As a result of the wing-cut experiments, we were able to elucidate the crucial relationship between signal production and wings. We ensured that psyllids are not able to emit signals without forewing and it is now clear that the hindwing is certainly not evolved in signal production. The psyllids with only forewings left were able to produce signals, and the signal amplitude of those individuals was not significantly different compared with control treatment (Fig 3; Table 1). According to this evidence, we confirm the importance of the forewing in contributing to the signal producing mechanism of psyllids.
Wingbeats of insects such as mosquitos and bees, can produce rarefaction waves, which are transmitted through the air . Usually the dominant frequency of these signals is consistent with the frequency of the wingbeat [37, 38]. In this study, the dominant frequency of vibrational signals and wingbeat frequency did not match and there is about seven-fold difference. It is also not likely that the dominant frequency we recorded is a seventh harmonic of the fundamental frequency of wingbeat because the amplitude of the signal drops drastically at higher harmonics . Moreover, the major transmitted route for psyllid signals is the substrate, i.e. plant twigs and leaves, not the air. Thus, we confirmed that psyllids could not make signals solely via wingbeats, which means that friction must occur. This hypothesis is rejected.
Wing-wing friction hypothesis
Individuals from the A2 treatments were not able to produce signals. This suggests that the hindwing is not involved in signal producing mechanism of psyllids. As well, individuals from the A6 treatments are able to produce signals which also supports rejection of this hypothesis. In addition, through our high-speed video observation (S1 Video and S2 Video), we see that the forewing movement is vertical when psyllids produce signals. Wing-wing friction is likely to be horizontal as seen in signal production of male crickets.
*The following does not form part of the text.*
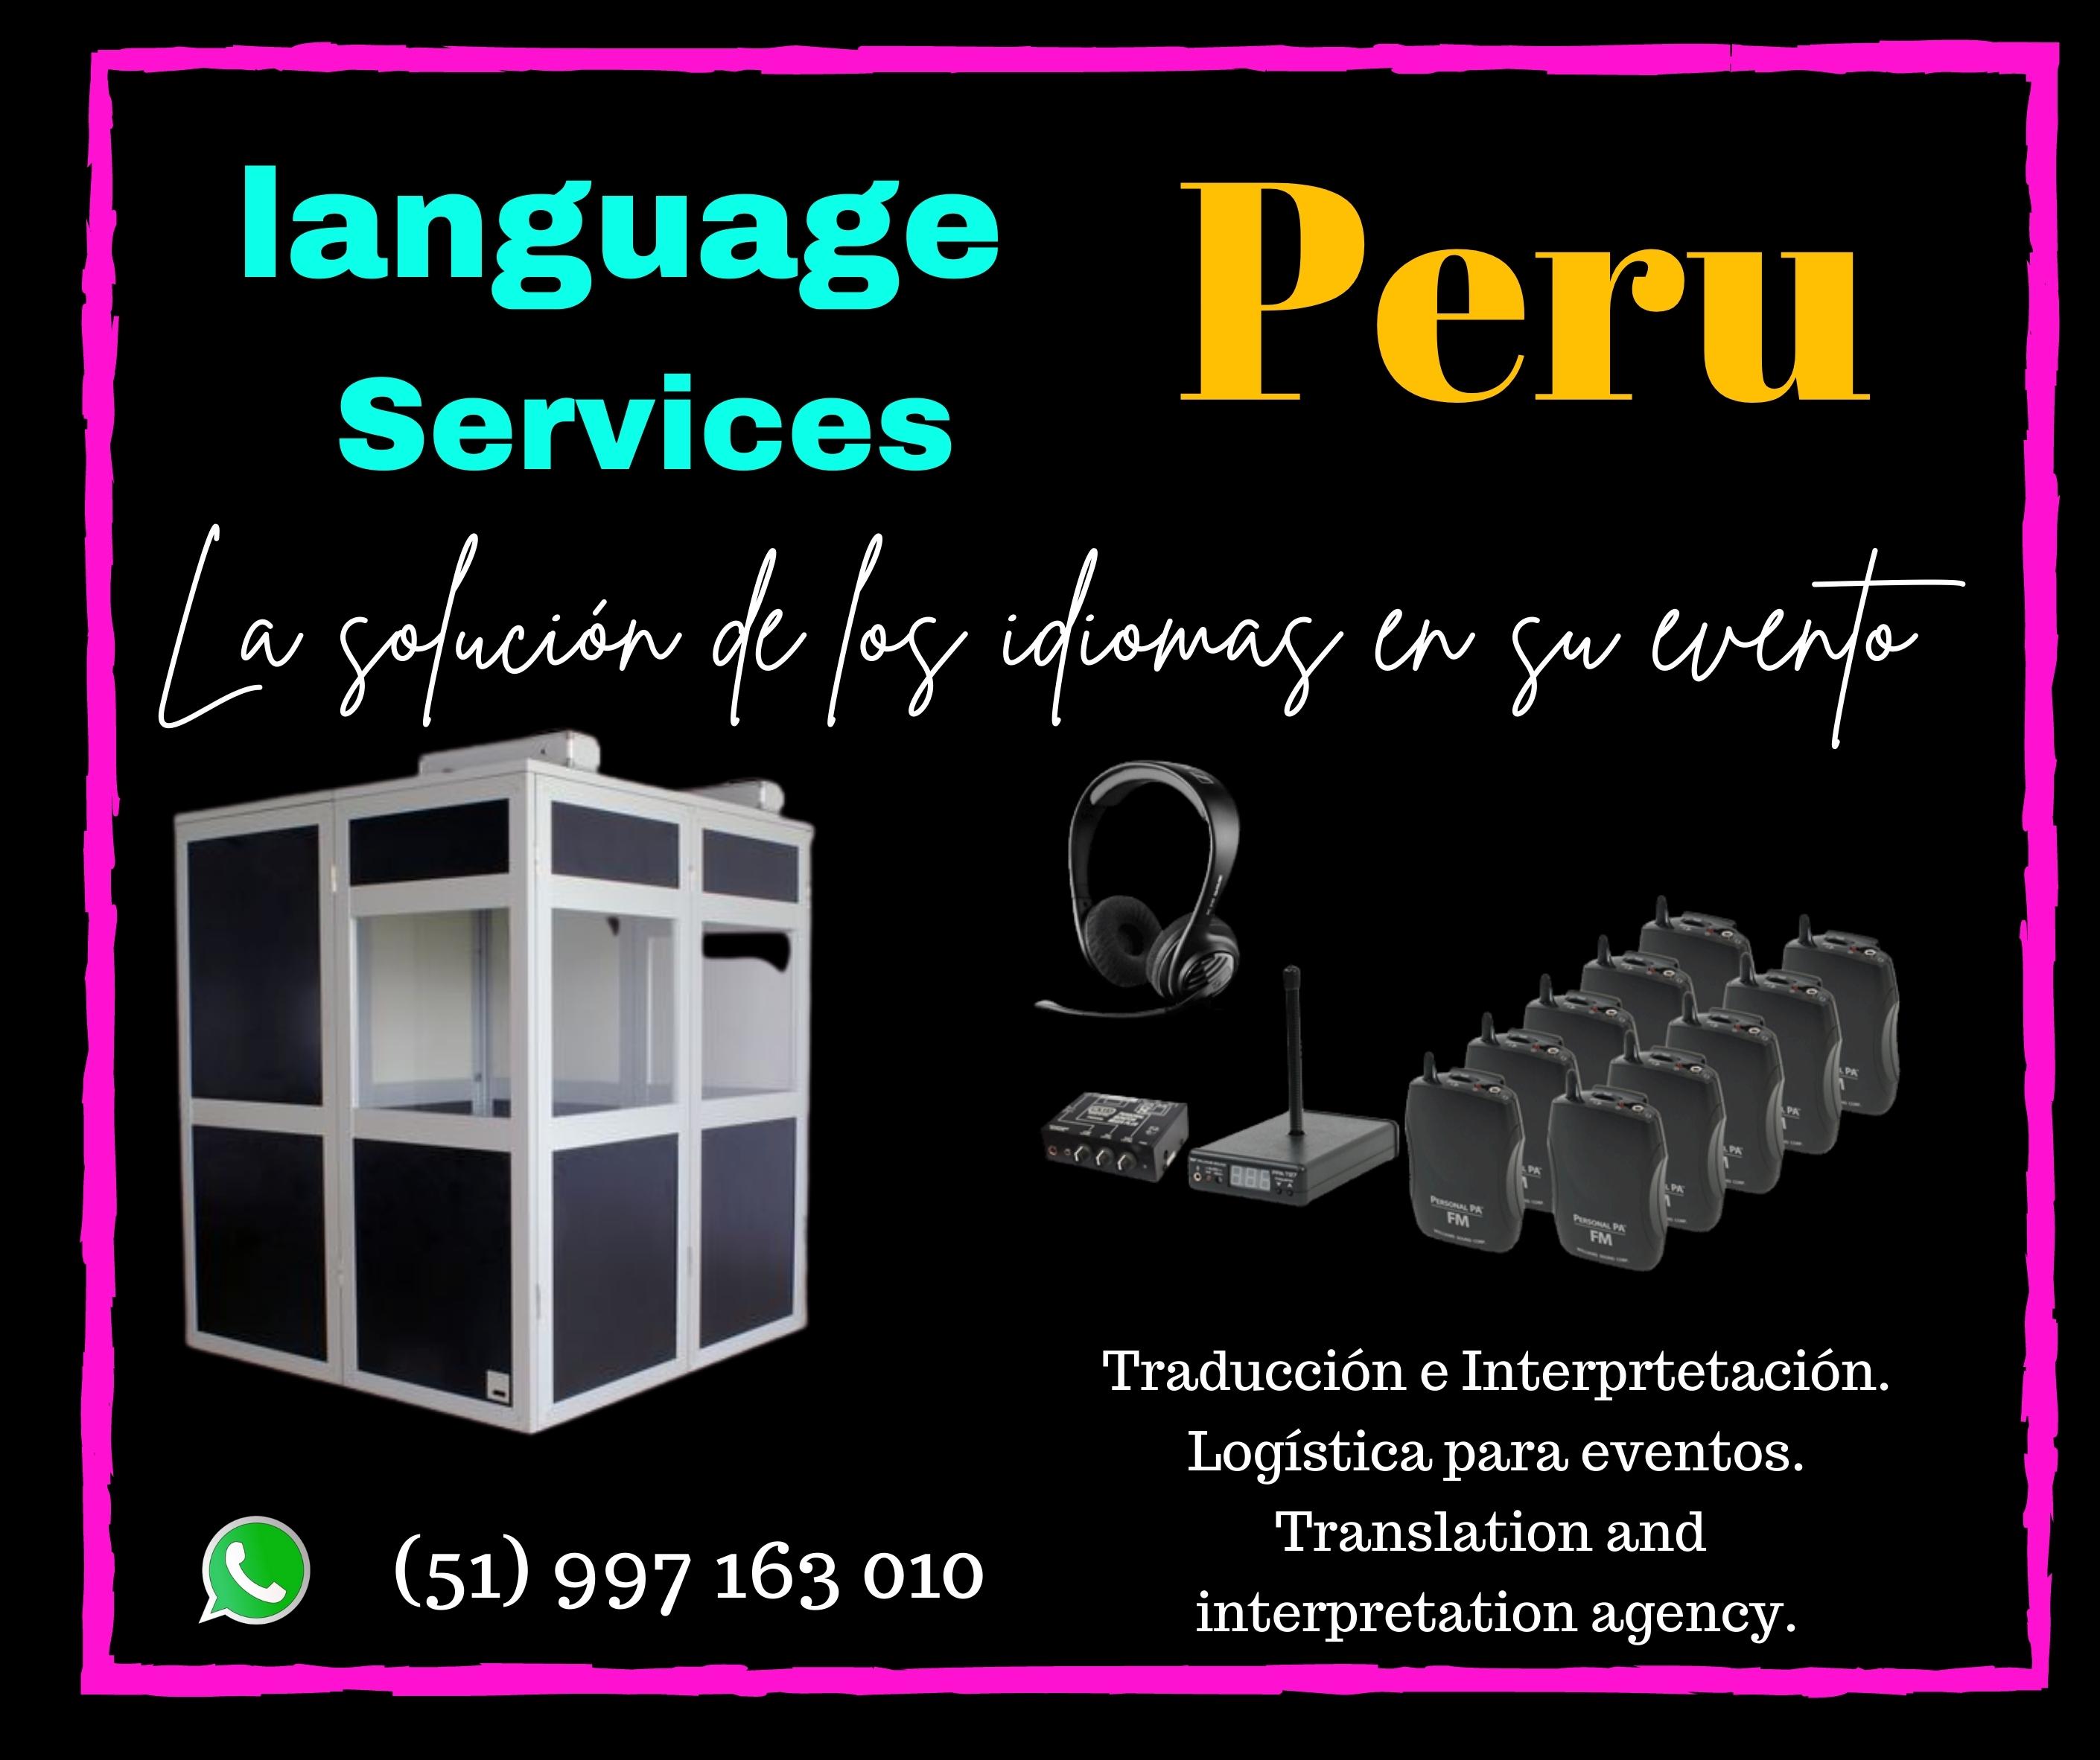 Servicio de traductor inglés, eventos y otros en LIMA/CUSCO

Wing-thorax friction hypothesis
This hypothesis suggested that friction between the axillary cord of the thorax and the anal area of the forewing is responsible for signal production. Based on morphological examination, all psyllids have axillary cords on their thorax [21–23]. We have confirmed the importance of the forewing for signal production according to the results from treatments A2, A3, and A4. Further, results of the forewing anal area cut treatment (A5) showed the mean amplitude of signal was half compared with that of the control treatment. This suggests that anal area of forewing plays a considerably important role on signal production. Although this result does not fit the hypothesis completely, it does show the significance of the anal area of the forewing for signal production.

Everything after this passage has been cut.